One gaming operator to watch in 2021 will be India’s Delta Corp., whose stock got a mid-month bump in December after it announced it had received approval in principle to build an integrated resort on shore in Goa.

The company is India’s largest and only listed casino operator and holds three of the six offshore licenses in Goa’s Mandovi River. It also has a casino in the northern state of Sikkim, is expanding into Nepal and has an integrated resort in the Union Territory of Daman for which it’s awaiting a casino license.

In addition, Delta also owns online poker and cards company Adda52, giving it a significant position in the booming online gaming market.

However, the news the company will push ahead with a resort in Pernem in northern Goa may be a game changer for the industry in the country. Investors thought so, pushing its shares up more than 3 percent on the day of the announcement.

The company will transfer all of its offshore operations to the new resort, which will include hotels, a water park, retail, a convention center and a multiplex cinema. Delta specified that the IR will have an “electronic” casino, indicating however that the government has not yet changed its stance when it comes to offering table games in land-based properties. 
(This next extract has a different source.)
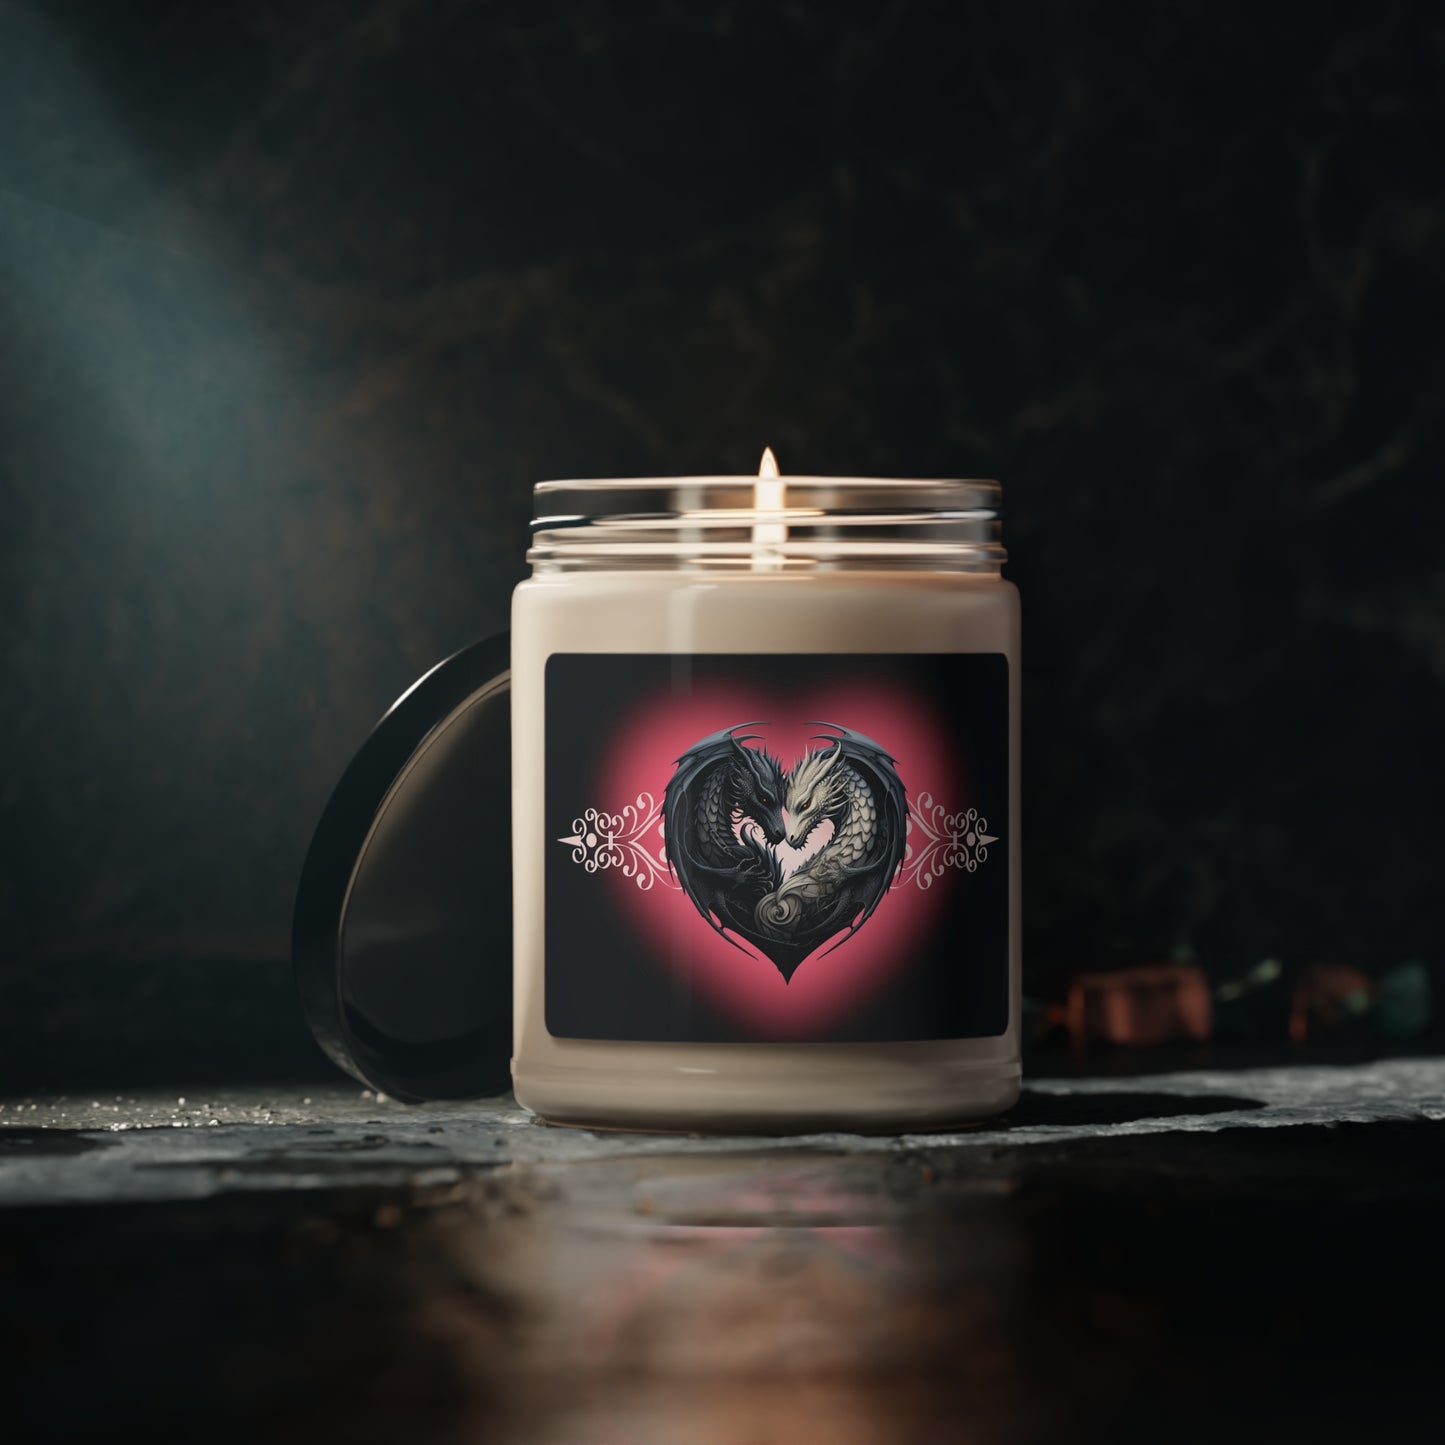 Dragon Love White Heart Scented Soy Candle, 9oz

“The integrated resort is expected to be one of its kind in the country,” Delta said. “The project is expected to boost tourism, employment and infrastructure of the state of Goa.”

India is seen as one of the most promising gaming destinations in Asia. Online skill-based gaming is legal and booming, despite court challenges at the state-level in several areas. Its tourism sector is also expanding as consumer spending power grows, with a 25.3 percent jump in domestic visits to individual states in 2019

Delta now has more than 2,000 gaming positions in India. It’s also expanding its operation in Sikkim following the opening of the Pakyong Airport, which has greatly improved accessibility to the remote area. 
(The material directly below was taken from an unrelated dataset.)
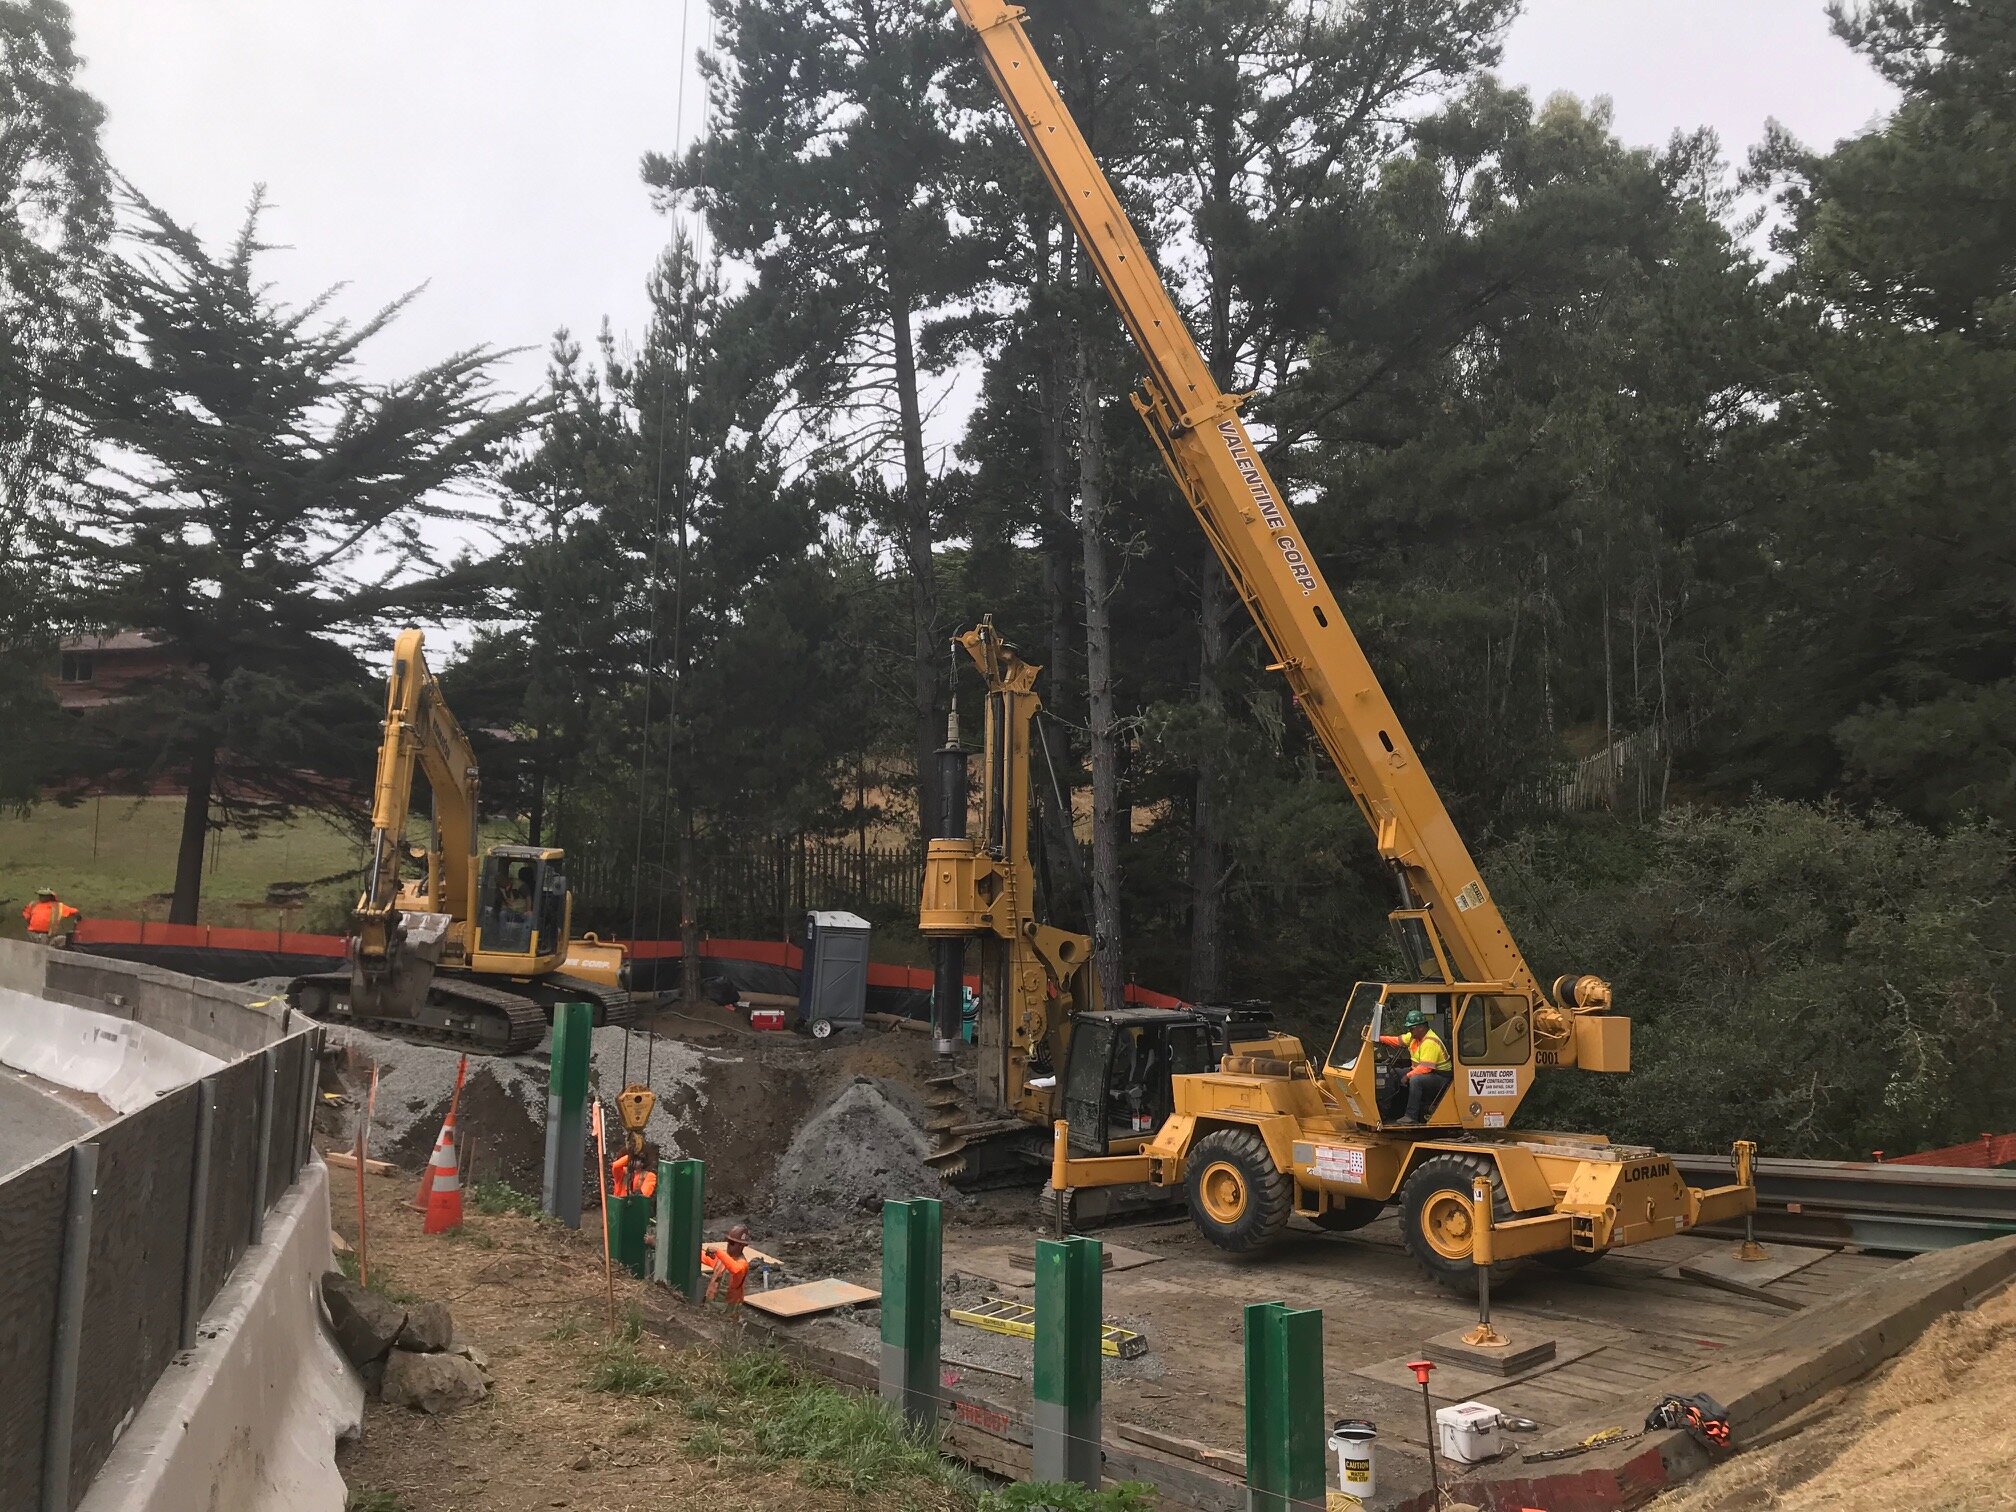   Welcome To Valentine Corporation   Project: Bodega Bay - Cal Trans  If It's Difficult Or Unusual, Call Us!   Contact Us

It received a license to open at the Marriott Hotel in Kathmandu in Nepal in January last year, when it said operations would begin “soon,” before the Covid-19 crisis took hold.

Delta describes its luxury resort in Daman as being “casino ready,” but it still has not received government approval more than six years after opening.

Despite that, Chairman Jaydev Modi said prior to the pandemic that its hotels in Goa and Daman were breaking even at an EBITDA level, as the latter is the only five-star property in the region and is being seen as a weekend getaway. 

“It has fast emerged as a perfect destination for large-scale weddings and also caters to the MICE segment,” he said. 

In 2019, the company also entered the gaming cruise industry through a $10 million investment in  the Essel Group’s Jalesh Cruises, under which it will become the preferred partner for gaming centres and casinos on all their cruise liners. 

In the online sphere, it added to its portfolio with an investment into fantasy gaming portal HalaPlay.

As with nearly all other casino operators, Covid-19 put a dent in the company’s rapid growth in 2020. The casinos were shuttered in March and reopened for operations in the first week of November.

“The general expectations are that normalcy could be gradually restored by the end of financial year 2020-2021,” Delta said, after reporting it had swung to a loss of Rs2.05 in the three months to end-September, compared with a profit of Rs 2.18 in the same period a year earlier.